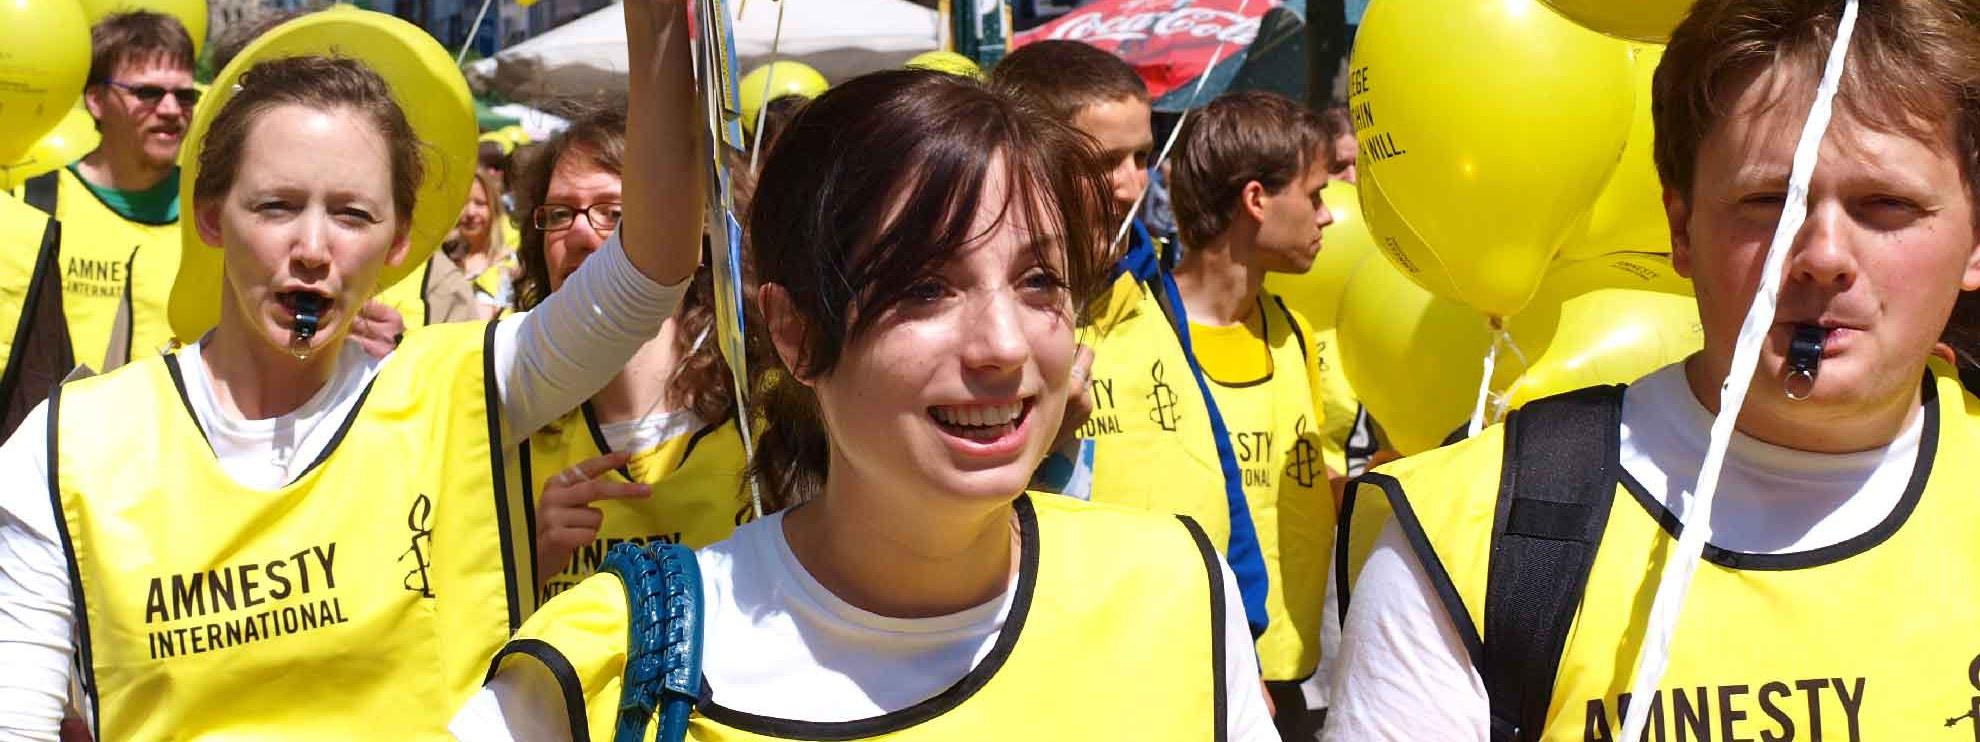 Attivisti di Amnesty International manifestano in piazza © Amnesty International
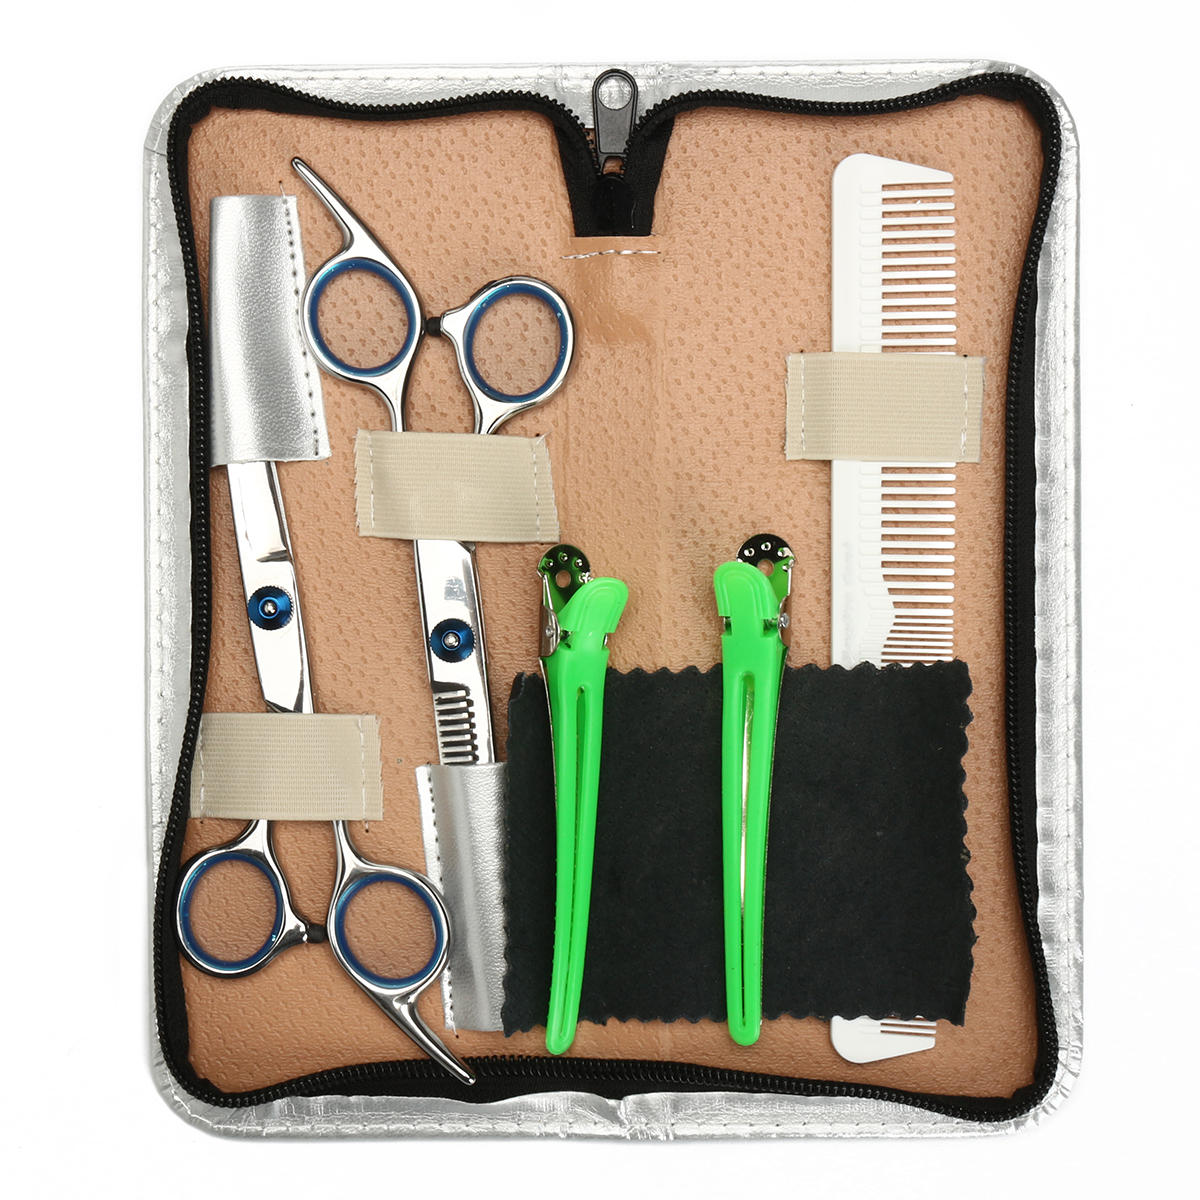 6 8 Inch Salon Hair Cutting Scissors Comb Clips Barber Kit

________________________

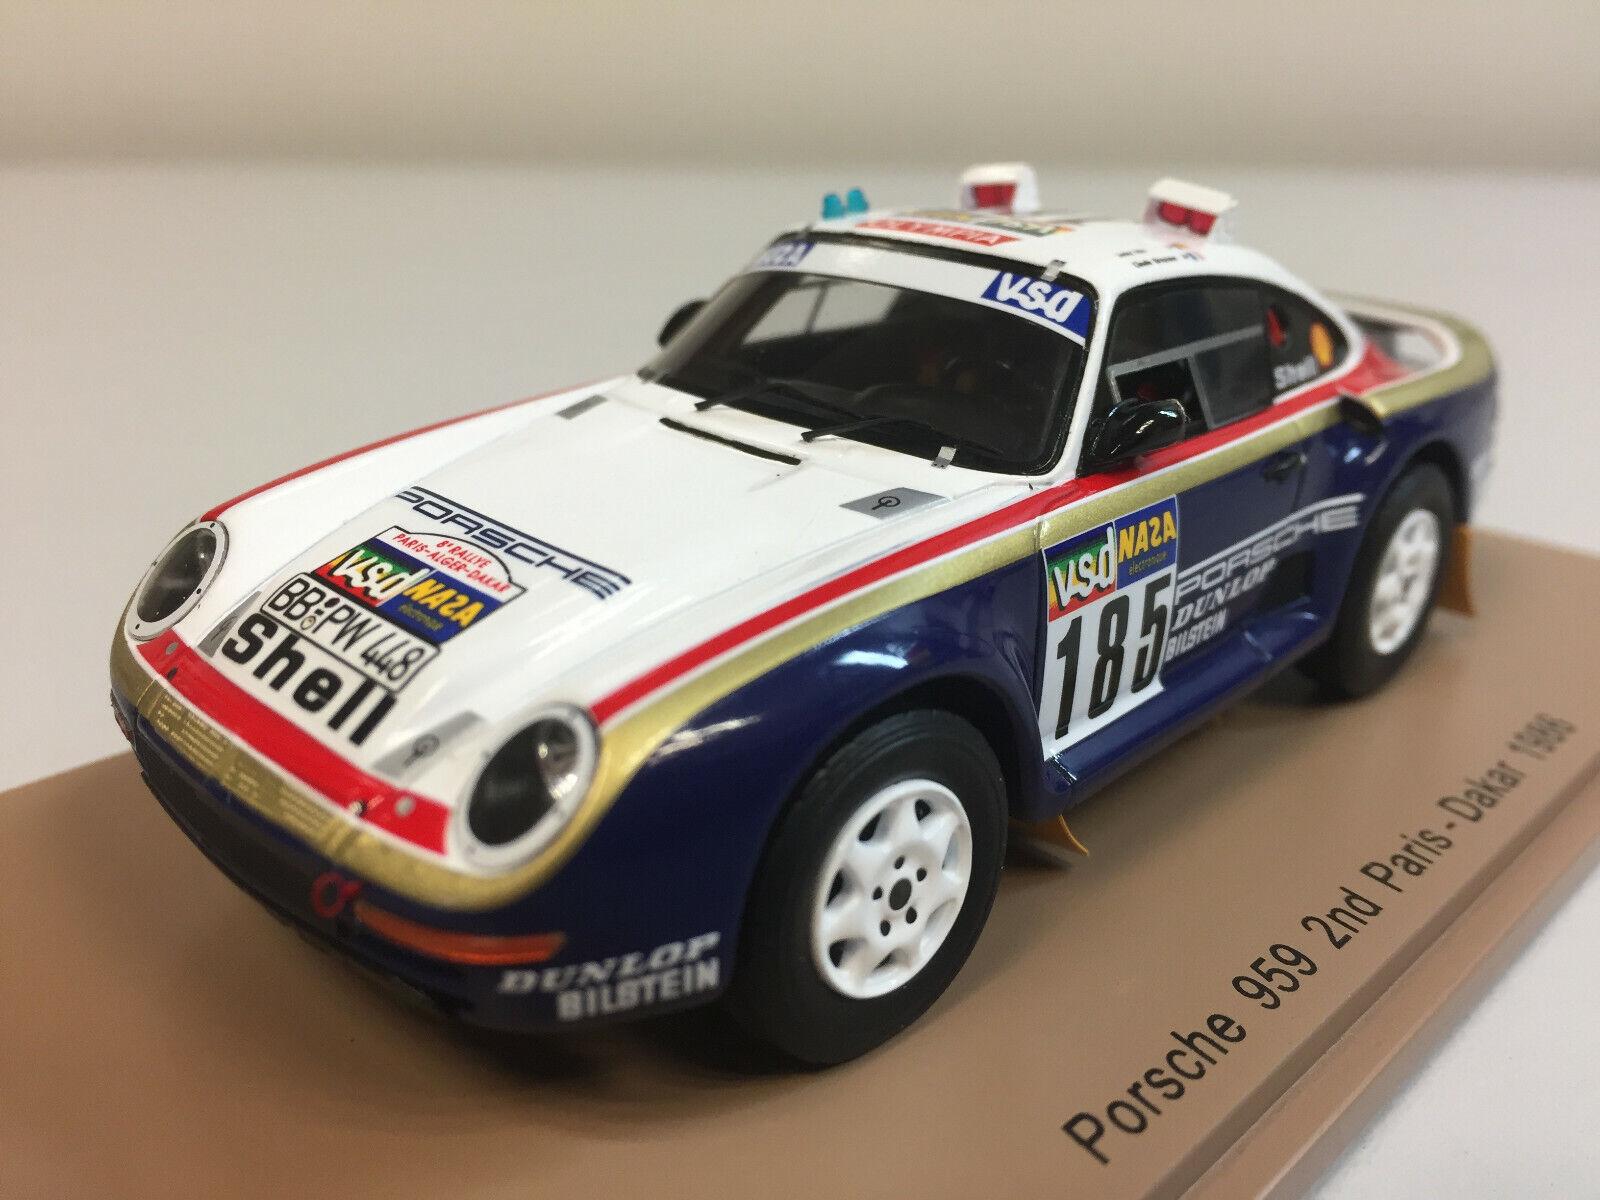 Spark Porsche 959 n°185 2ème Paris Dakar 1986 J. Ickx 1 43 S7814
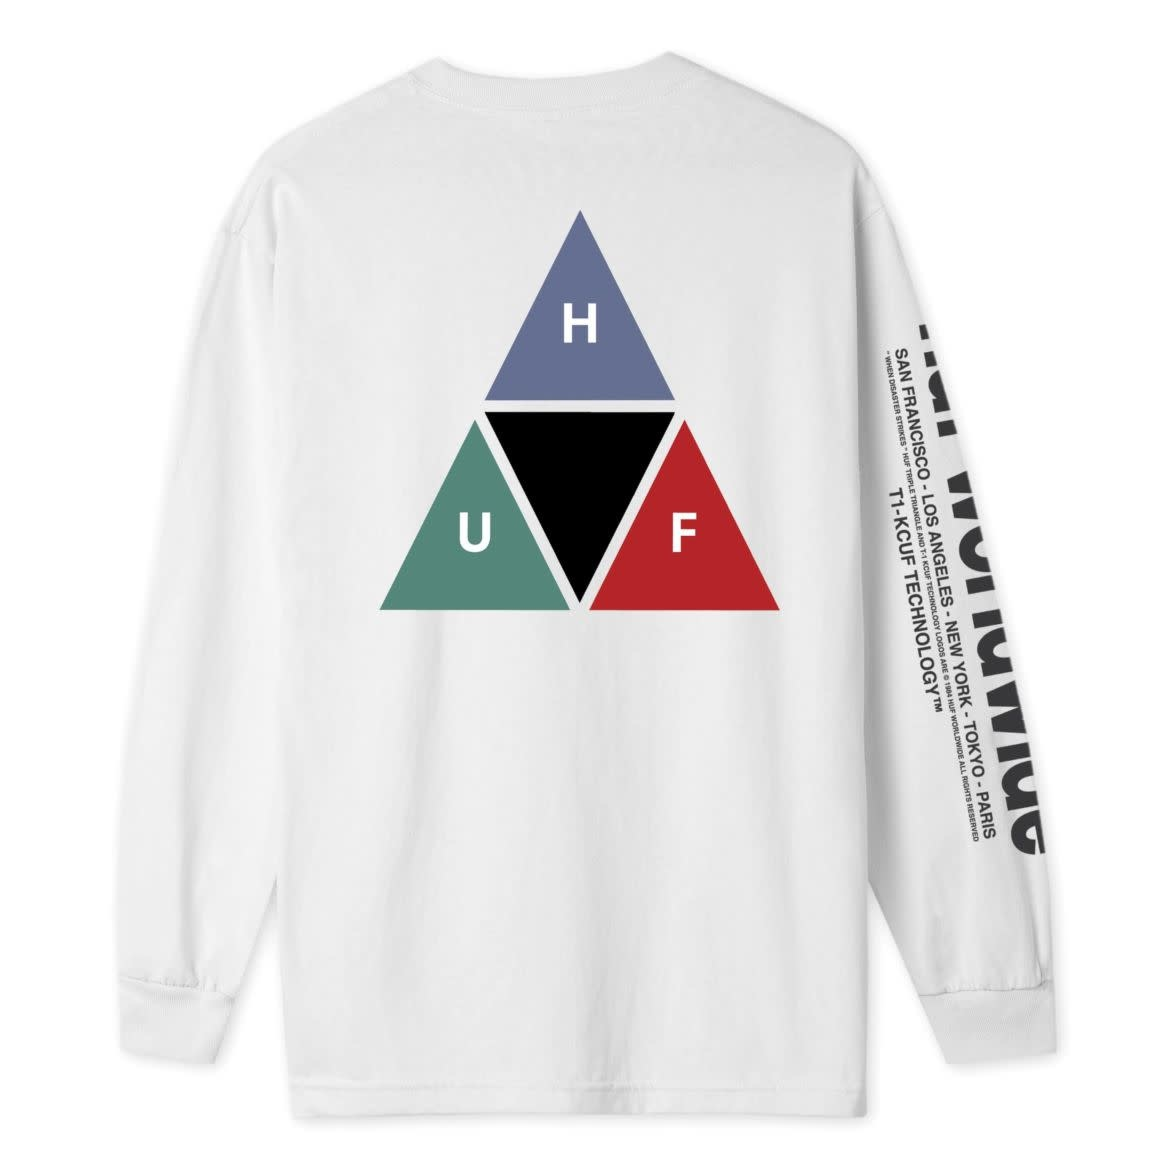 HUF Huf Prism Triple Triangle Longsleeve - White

________________________

Look above for the line with "Attivisti di Amnesty", then print it and each line after it down to and including the line with "6 8 Inch Salon". Leave out the pictures and keep the wording exact.

• PROBLEM SOLUTION:
 Attivisti di Amnesty International manifestano in piazza © Amnesty International
 6 8 Inch Salon Hair Cutting Scissors Comb Clips Barber Kit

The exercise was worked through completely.